The unanimous sentiment seems to be give zombies a new spin or don’t even bother. “I feel like at this point, with so many dozens of films already made using the standard zombie horror template, no one should be making anything zombie-related unless they’re planning to turn the genre on its head or at least do something very, very different with it,” Marion cautioned. “I think the whole ‘protagonists run away from monsters’ supergenre is desperately played out and boring, and zombies deserve a few more creative treatments before the trend winds shift.”

Will Monster Mash & Witch Films Come Next?

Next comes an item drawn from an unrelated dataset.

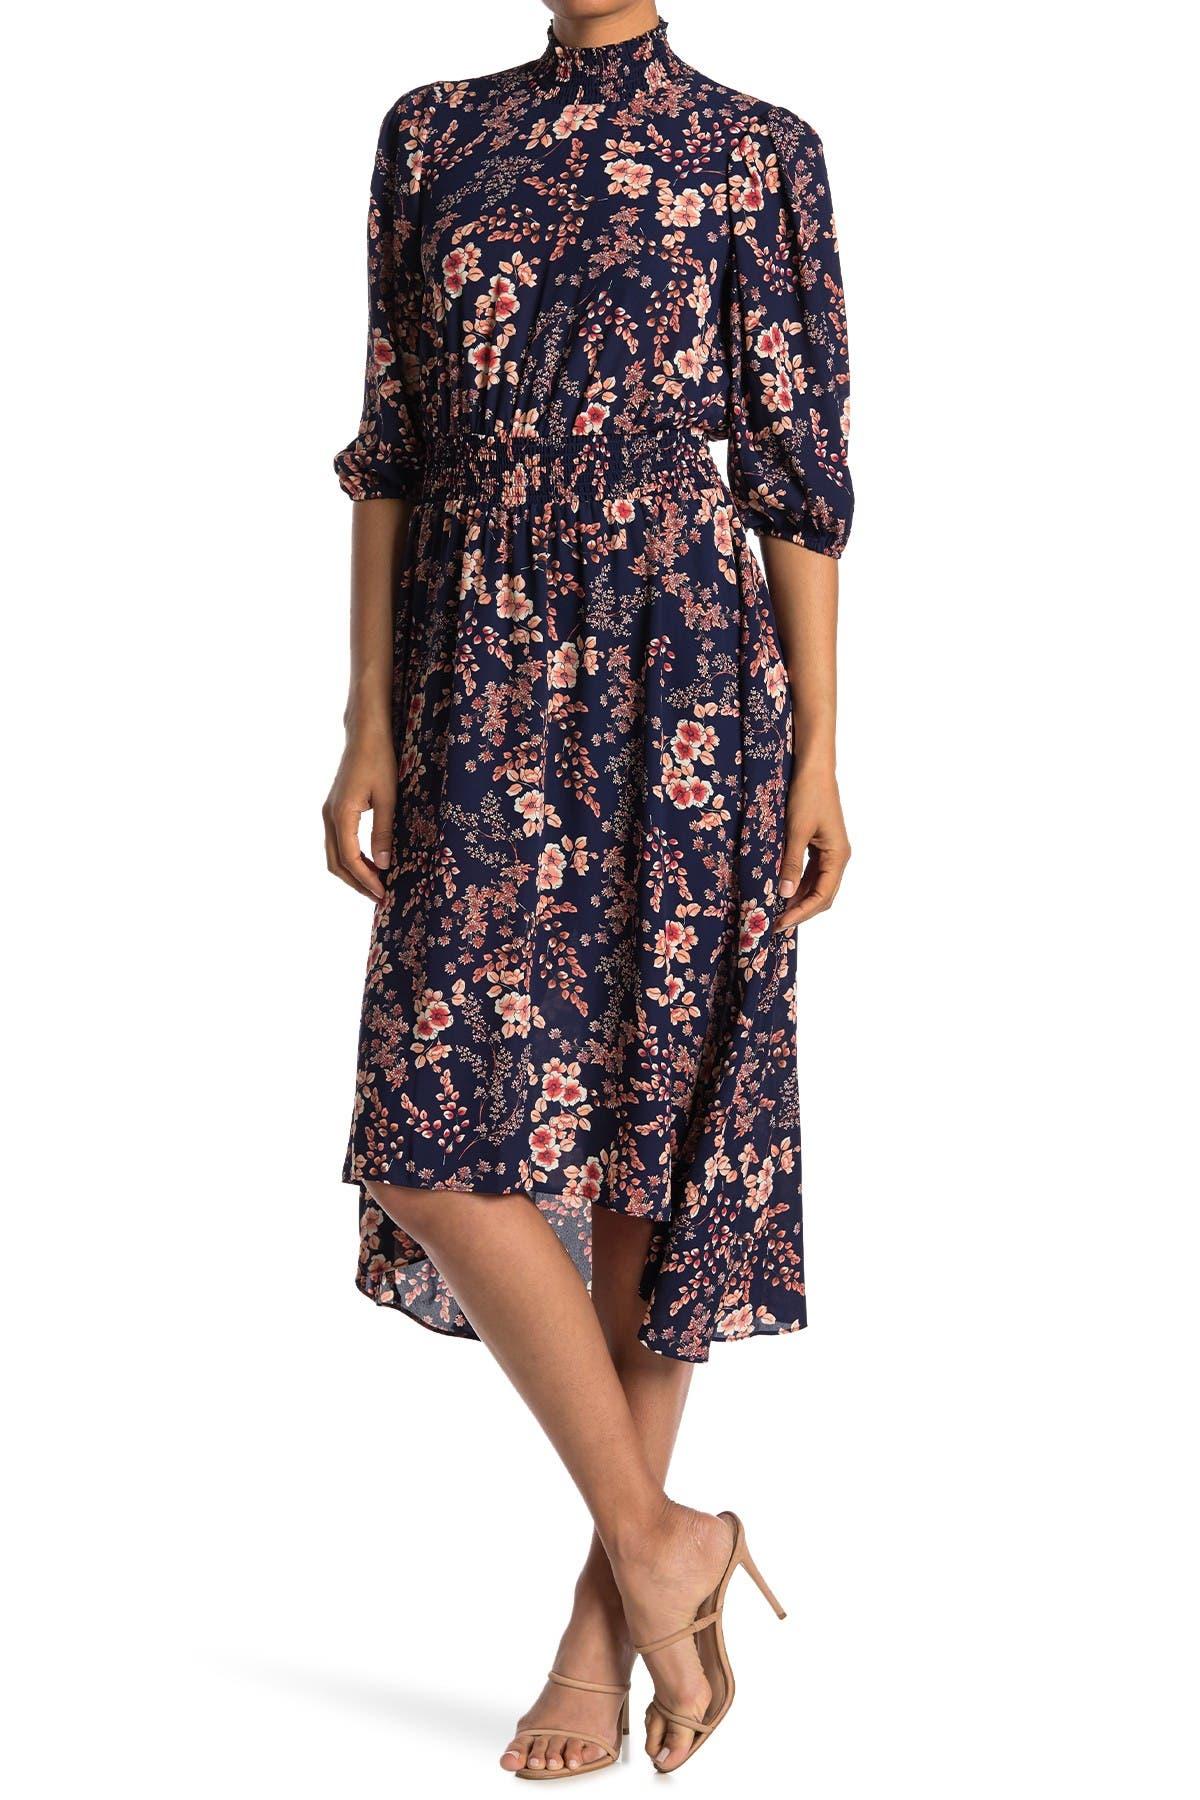 Image of NANETTE nanette lepore Smock Neck Long Sleeve Floral Print Waist Dress

So what’s far off in the future if vampires and zombies get exhausted? Look for monster team-up films — like Hill’s aforementioned “Kitchen Sink” which features zombies, teenagers and vampires fighting alongside each other against aliens. There will be lots in the future too, witness: Paramount is remaking “Monster Squad,” DreamWorks Animation is already developing “Monster Mash,” Warner Bros. is developing a similar idea in “Destroy All Monsters” and 20th Century Fox is working on “Mad Monster Party” which will feature all of cinema’s classic monsters. Witch films could come next and like vampires, key in on the female demo. So far they include Tommy Wirkola‘s “Hansel & Gretel: Witch Hunters” over at Paramount (starring Jeremy Renner, Gemma Arterton and Famke Janssen), Cory Goodman‘s “The Last Witch Hunter” which Summit bought last year and “Kurt Josef Wagle and the Legend of the Fjord Witch” (another Wirkola witch film in development). There’s also Rob Zombie‘s “The Lords of Salem” which centers on centuries old demonic witches. Both of those could eventually become a greater trend as well. 2014 or 2015? Our guess is as good as yours.